Peter Pišťanek (28 April 1960 – 22 March 2015) was a Slovak writer. He began publishing short stories in the 1980s, and his first novel, Rivers of Babylon, came out in 1991. This was adapted into a film of the same name in 1998 by Vladimir Balco. The book was followed by the sequels Wooden Village (1994) and End of Freddy (1999).
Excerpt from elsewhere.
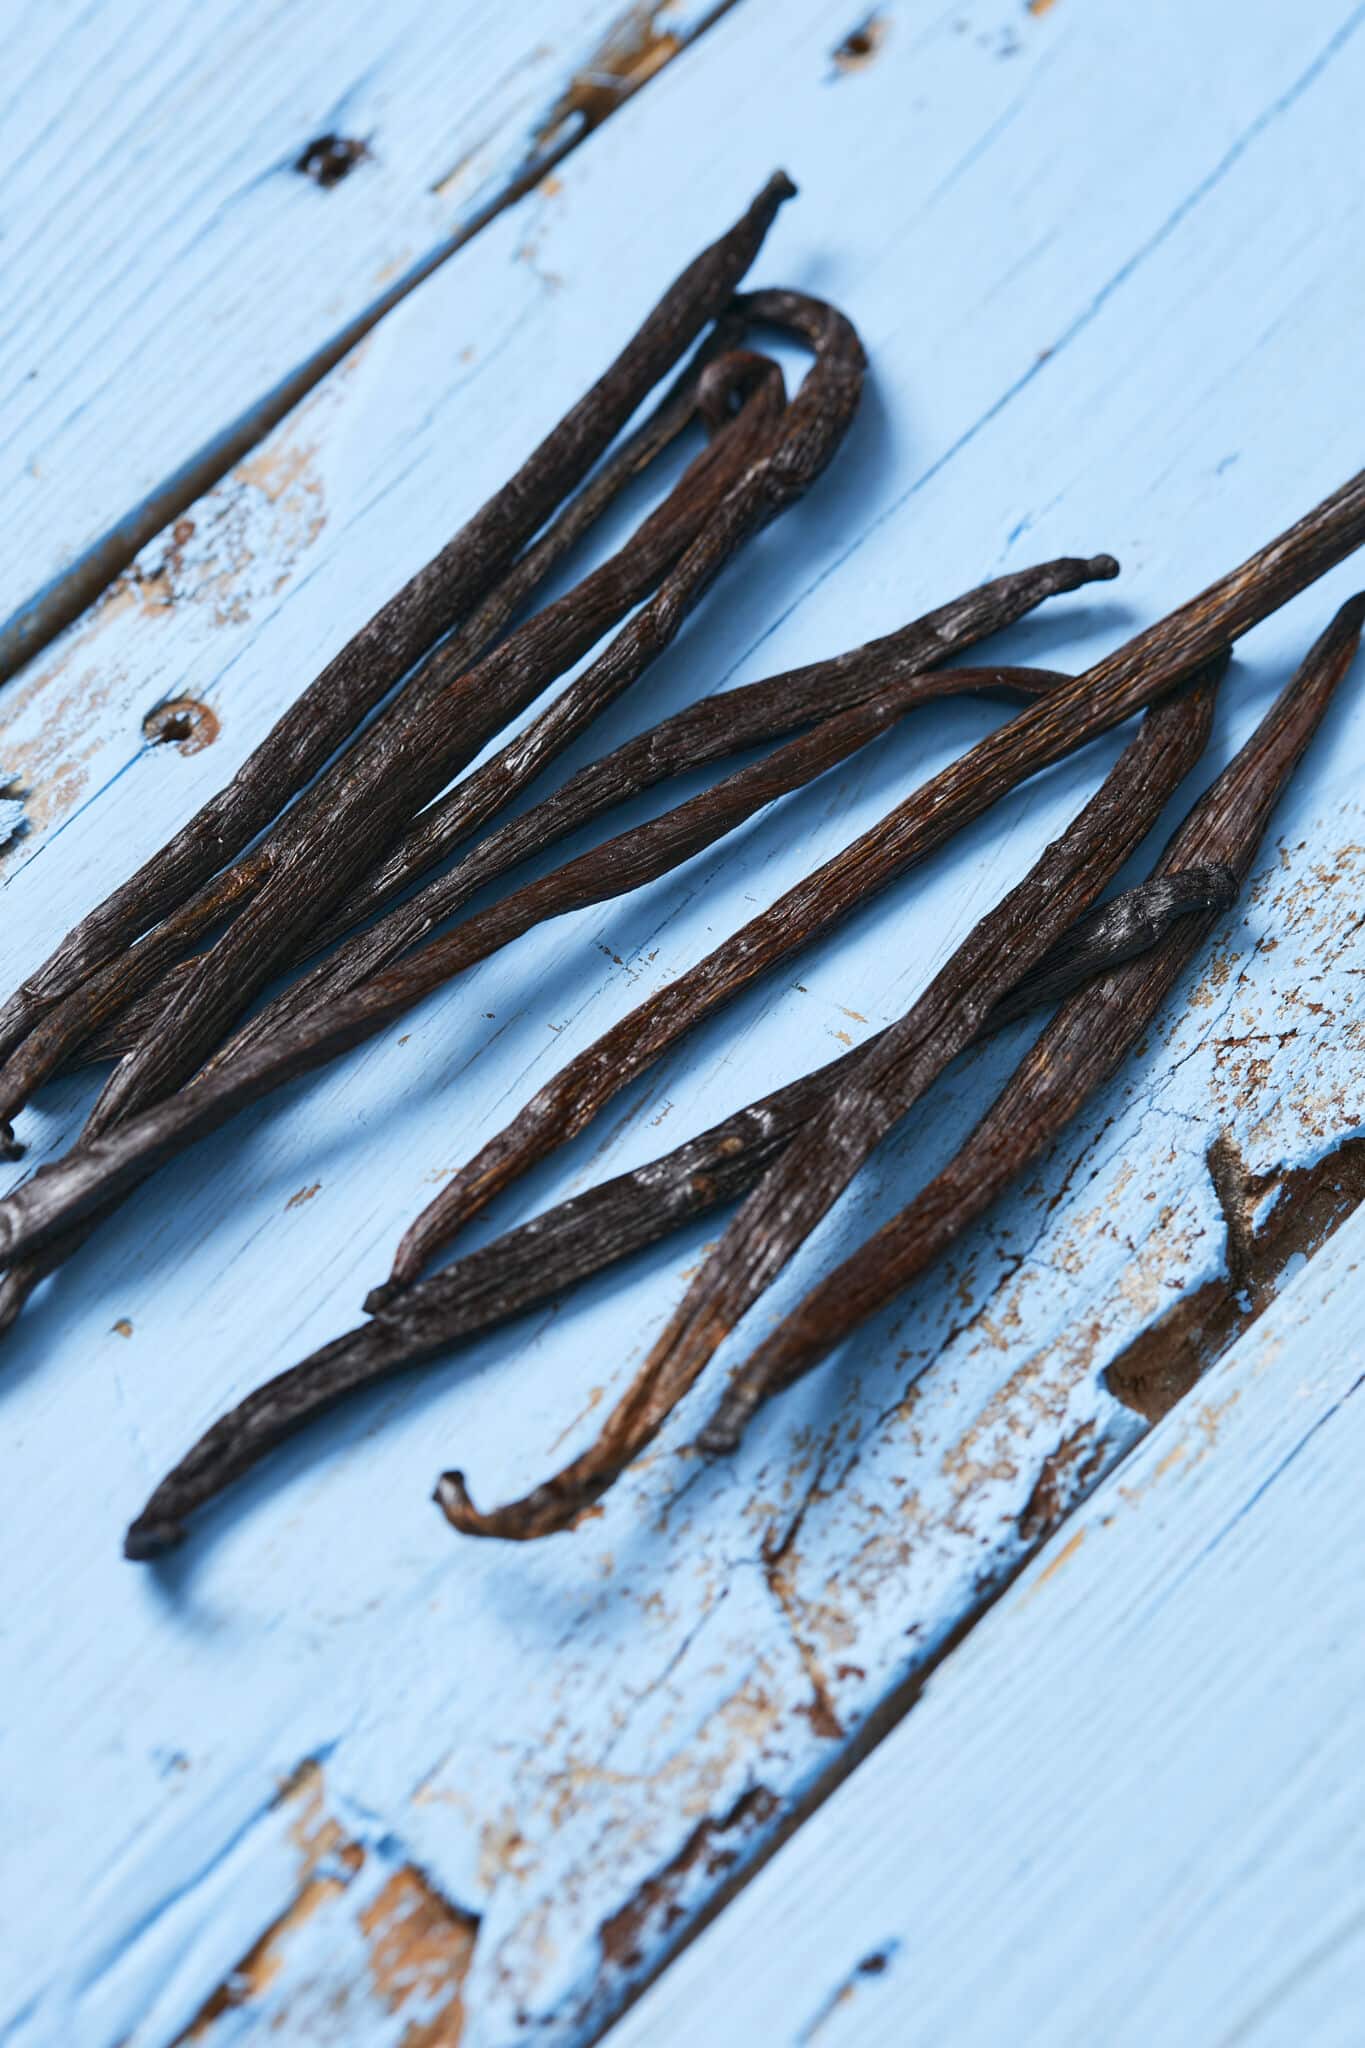 Long and slender vanilla bean pods are placed on a blue wooden board, resembling thin dark brown or blackish-brown cylinders. They are about 4 to 8 inches (10 to 20 centimeters) in length. with a wrinkled, leathery surface texture.

Two more of Pišťanek's works were adapted to film, both by Juraj Nvota: his short story "Muzika", which won Best Film at the Sun in a Net Awards in 2008, and his novel Rukojemník – Lokomotívy v daždi, in 2014. Pišťanek committed suicide on 22 March 2015.

==Life and career==
In the 1980s, Pišťanek was a co-founder and drummer in the music group Devínska Nová Vec, named after the Bratislava borough where he was born in 1960. He also published stories in the magazine Slovenské pohľady. He briefly studied dramaturgy and screenwriting at VŠMU but did not finish his studies. Before publishing his first novel, Rivers of Babylon, in 1991, Pišťanek held a variety of jobs, including as a machinist in a Slovnaft oxygen factory, a parking lot attendant, in the advertising industry, and eventually in publishing. After the Velvet Revolution, he became editor-in-chief of the Tele-Video-Relax magazine, and from 1996, he was a web designer at Gratex International as well as editing the online magazine inZine.

===Writing===
Pišťanek published his first novel, Rivers of Babylon, in 1991 (an English edition came out in 2007, translated by Peter Petro). In 1998, it was adapted into a feature film of the same name by director Vladimir Balco, with music by Jaroslav Filip and a minor role by Pišťanek himself. It was followed in 1994 by the sequel Wooden Village, and in 1999, End of Freddy wrapped up the trilogy about Rácz, a village gangster who emerges in the fall of 1989 as communist rule is disintegrating in Czechoslovakia.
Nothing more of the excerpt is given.